The finance bill for 2023, presented on Monday, provides in particular for 210 million euros in global operating allocation for communities. An insufficient envelope to deal with inflation according to the association of mayors of France.
This unexpected announcement, released on Twitter Monday September 26 in the middle of the afternoon while the finance bill (PLF) for 2023 had been presented with great fanfare in Bercy the same morning, will probably not change ‘Opinion local elected officials. “210 million euros in global operating endowment #DGF “will be allocated to local authorities, welcomed” their “minister, Caroline Cayeux. It is “a first for thirteen years, she still writes. 70 % of the municipalities will see their endowment maintained or increased”.
At the same time, the first delegate vice-president of the Association of Mayors of France, André Laignel, judged this PLF “overall calamitous”, specifying that the mayors will ask the parliamentarians to rewrite it completely. The body bringing together the departments (the ADF, assembly of the departments of France) is less severe, relating “some advances”.
Three “red lines” have been crossed, considers André Laignel. And one of them precisely concerns the DGF that Caroline Cayeux evokes in her tweet. All elected officials demanded that it follow inflation. It’s no. The 210 million announced by the minister are far from the account, estimates André Laignel, who anticipates a reduction in purchasing power of 1.2 billion euros for the municipalities due to inflation. Especially since the “safety net” voted in August will only apply in 2023, and would only concern “5,000” in 35,000.
reduction in purchasing power and effects perverted
The second hook concerns the abolition of the contribution on the added value of companies (CVAE). Elected officials are against. They consider that “it cuts the link between the territories and the economic world and it goes against an intelligent reindustrialisation policy”. This production tax, which benefits local communities, reports 8 billion euros per year. He will disappear in two stages, in 2023 and 2024.
Now, the PLF plans to “fully, sustainable and dynamic” compensation “: a part of VAT, which progresses more strongly than the CVAE, specifies the government. But, for André Laignel, the planned modalities will produce perverse effects, “enormous distortions” between the territories. The ADF is, again, less severe, seeing “a relative satisfaction point” in the calculation method.

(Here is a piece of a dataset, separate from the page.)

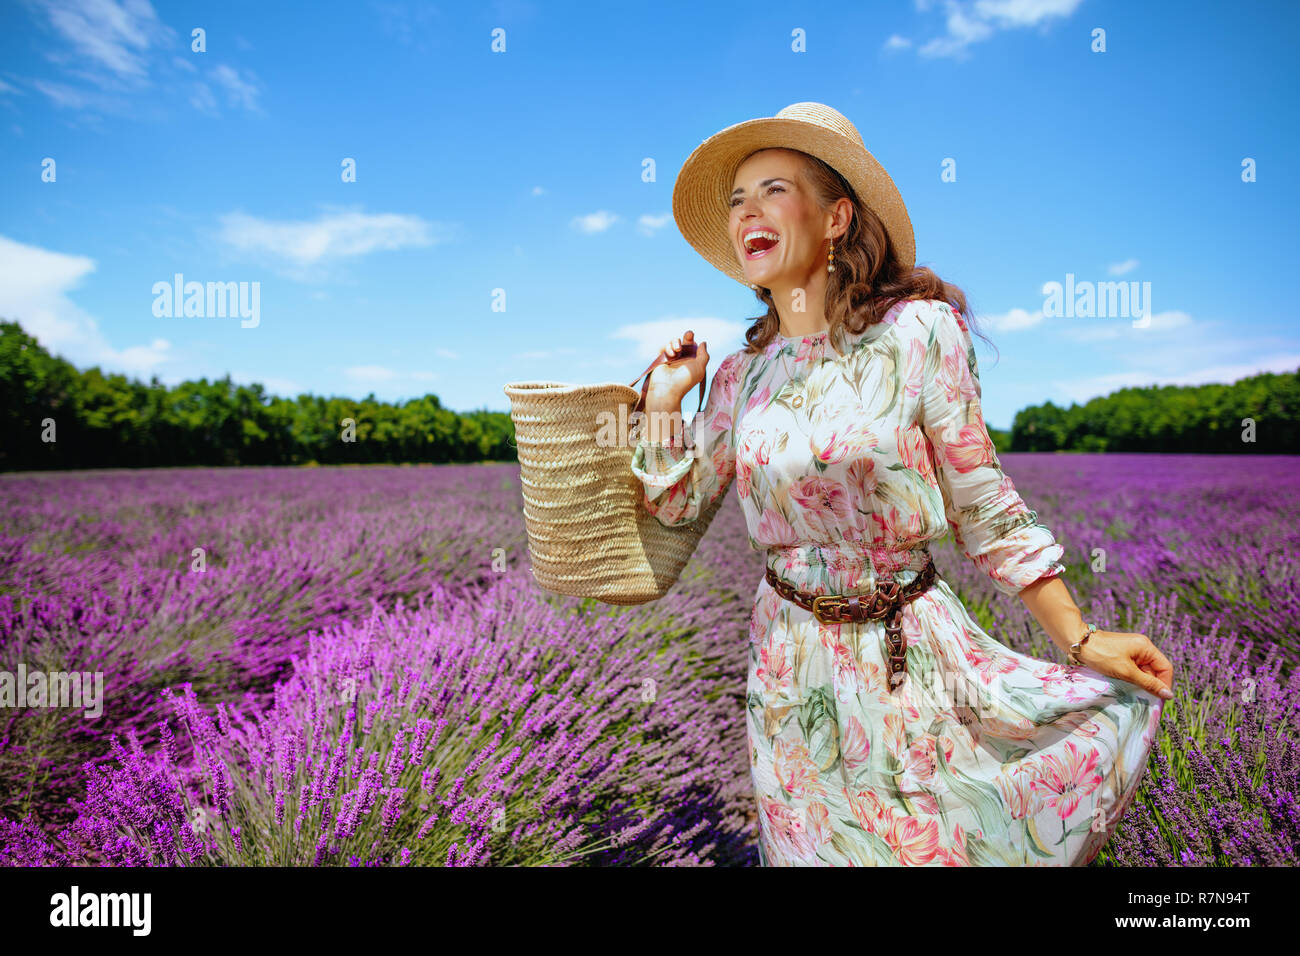 Aufgeregt, elegante Frau mit Stroh Beutel Blick in die Ferne in lavendelfeld in der Provence, Frankreich. Frau mit Picknick Tasche weg weg von der Stockfoto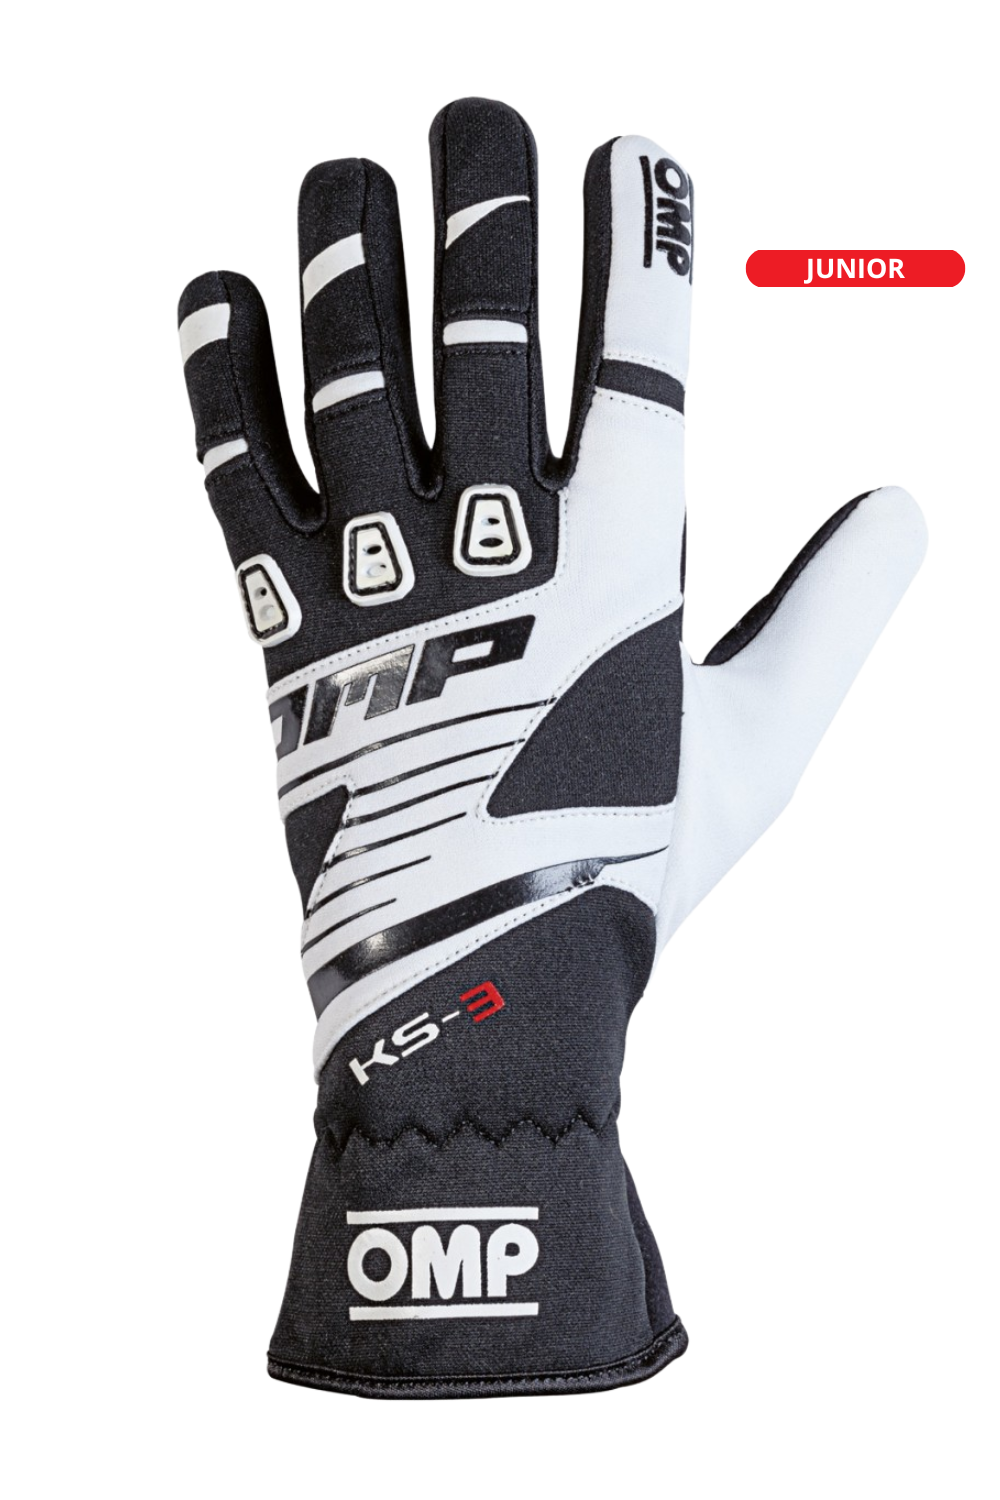 OMP KS-3 Handschoenen Zwart/Wit Junior

Last stumbling block: the government asks local elected officials to participate in the recovery of the country’s public finances. However, if the ADF “agrees” on the idea of working with the State, the mayors consider that there is “no objective reason” to this requirement. “We do not participate in the deficit of France,” recalls André Laignel. As for the debt, that of the communities, “we are funding it ourselves”. The mayors recall, moreover, that they have already been “punctuated” by 46 billion euros since 2014.
The “confidence pact” proposed by Bercy in his budget project to achieve this is no more suitable for mayors. The objective is to strongly encourage communities to spend half a point less than inflation, each year. Even if it means cutting into their investment capacities. “Aberrant”, decides André Laignel.